Migrating a Big Data Cluster from Linux to FreeBSD

Benedict Reuschling <bcr@freebsd.org>

This talk will cover the on-going process of migrating a big data cluster from a Linux-only system to a mixed OS environment using more and more BSD. I’ll cover how the cluster started, what it is used for and the current setup (hardware and software). Particular focus will be put on the migration of the fileserver that has been successfully migrated from a hardware RAID configuration using Linux to an OpenZFS-based FreeBSD setup. I’ll detail how it was done, the planning, preparation, and important learnings I too away from the experience. The talk closes with an outline of what steps will follow in the future. The talk is intended for people interested in such setups, migration strategies, steps to take and pitfalls to avoid.

I manage the Big Data cluster of the University of Applied Sciences, Darmstadt, Germany as system administrator.

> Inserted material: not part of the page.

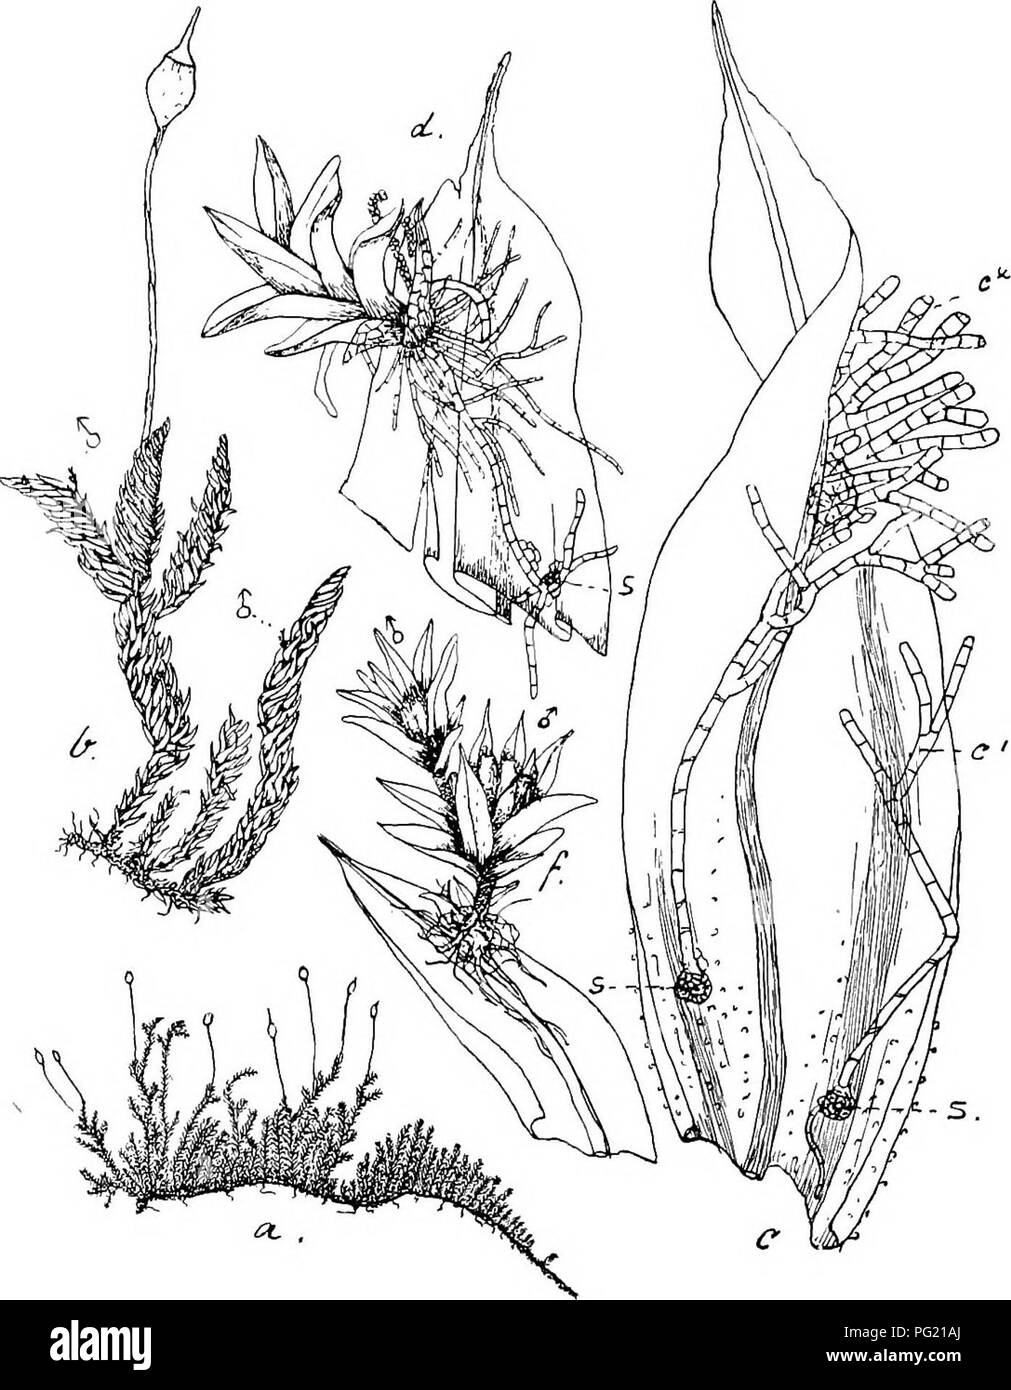 . Flore de Buitenzorg. Botany. 425 Schlotheimia teres Dz. et Mb., in Add. so. tiafc., 1844, II, p. 314. Exsiccata: M. Fleischer, Muse. Archip. Ind., N°. 132 (1900). Zweihausig (phyllodiScisch). d&quot; Pflanzen beblattert, winzig Kk. 78.. Macromitri Blumei Nees. u. Habitusbild (nat. Grosse); i. Desgl. mit d&quot; Bluten i. I,. Stengelblatt mit s., keimenden Spoi'en, c'. und c'., Fadenprotonema, aus dcm sich die (/ Planze entwickelt 12.. d. Jange rf&quot; Pflanze auf del- Blattspitze sicli entwiokelnd ijS..: s. Spore. /. Aasgebildete' (/ Zwergpflanze mit Anthendien -2i. klein, ohne Stengelchen, Stock Photo

As such, I’m responsible for providing the compute resources to researchers and teachers during the semester, as well as students doing projects and thesis work on the cluster nodes. When I took over the cluster a couple of years ago, it was a Linux-only system. I’ve managed to convert more and more nodes to using FreeBSD and OpenZFS. My talk will focus on the how and why, elaborating benefits of the approach and rough edges that still need to be worked on. In the summer of 2018, I took on one of the biggest tasks yet: the migration of the central file server for the cluster. This fileserver provides the home directories to each node via NFS. I was successful in migrating it from a pure hardware RAID setup to a FreeBSD-based OpenZFS software RAID solution. This provides the usual benefits associated with OpenZFS such as compression, quotas and reservation, as well as data protection on various levels. My talk will detail the preparation that I took before the migration and provide some insight into how the setup works now. Future work is discussed and I hope to gather some feedback from the audience about topics like monitoring, backup, and outstanding work.